Petrossian found what he was looking for when he met two graduate students, Robert Hamilton and Dan Hanchey, who had been working on brain scanning technology for several years. He joined them and they developed a product that uses ultrasound waves to determine the intracranial pressure of someone who had suffered a brain injury, which previously required a doctor to drill a hole in the patient’s skull. That measurement is often necessary to determine the proper course of treatment for a patient with brain trauma.

Petrossian then reached out to the UCLA Venture Capital Fund, which has helped him and his team secure outside financing, introduced them to vendors and worked with them to streamline the operation.

Neural, which recently moved into a new West L.A. office, already received $2 million in seed funding led by biotech entrepreneur-turned-angel investor Yuri Pikover.

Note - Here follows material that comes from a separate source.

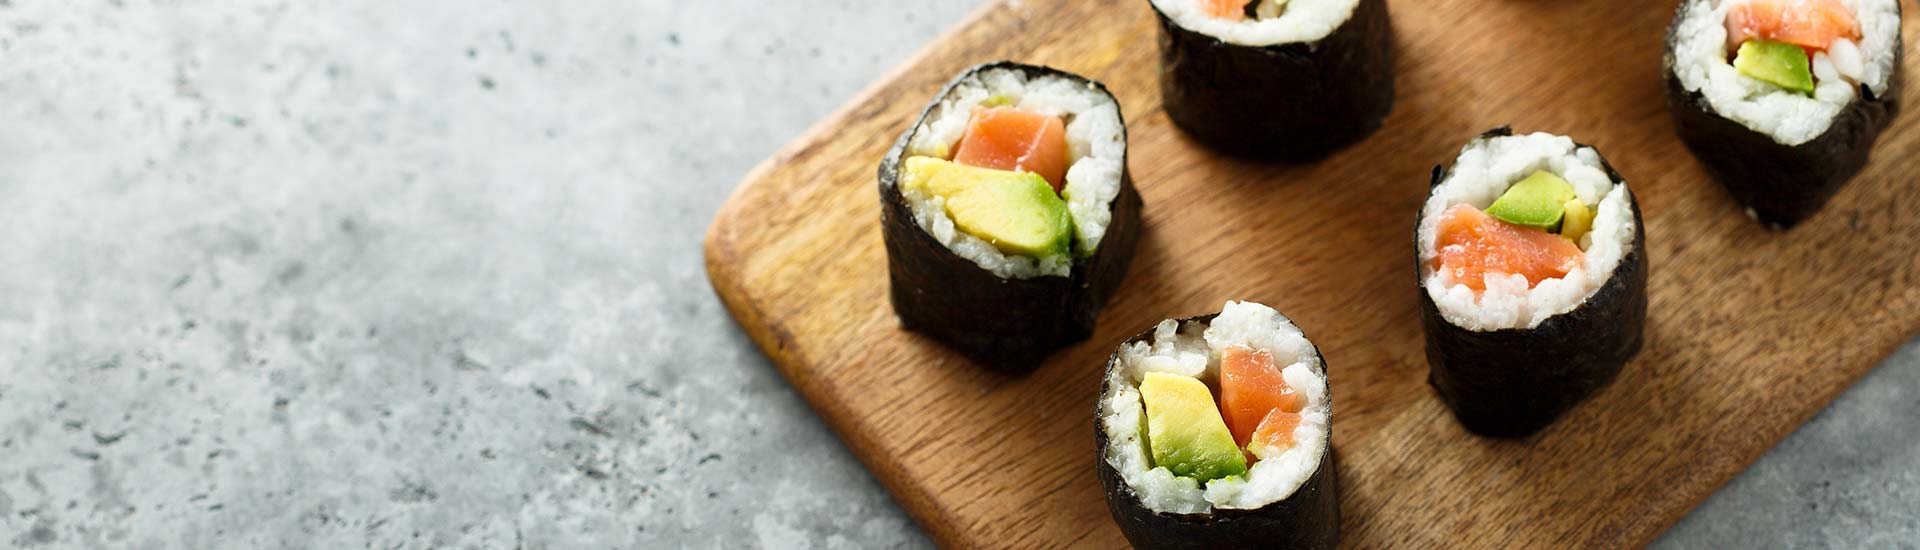 DY Sushi Roll

However, the company will need a lot more money to scale to the level where the business can be positioned for a sale, which is Petrossian’s long-term goal. Raising that Series A round is where Petrossian believes the UCLA fund will be most helpful. He plans to use the UCLA fund’s expansive network outside the city to open doors to some of those larger venture capital investors in the Silicon Valley and beyond.

While other universities play the venture capital game, UCLA runs the only fund that allows members to contribute illiquid stock instead of cash. Stanford University has had its own on-campus accelerator, StartX, since 2009 and last September the university announced it was forming its first dedicated fund that would invest directly in Stanford-affiliated startups. Individual Stanford professors have invested in student startups for a long time, making a handful of them very rich.

The University of Utah sponsors the University Venture Fund, a student-managed fund that invests alongside big name VCs such as Menlo Park’s Draper Fisher Jurvetson. It has more than $18 million under management.

The UCLA fund’s distinctive membership structure has shaped its culture to be more of an incubator or club than a mostly financial sponsor like the Stanford and Utah funds.

Howse sees the fund continuing to evolve as a place where aspiring founders can bounce ideas off of grizzled Bruins who have already made it.

“If I’m a budding entrepreneur and I want to get good advice, who do I tap into?” Howse asked. “We want to provide that.”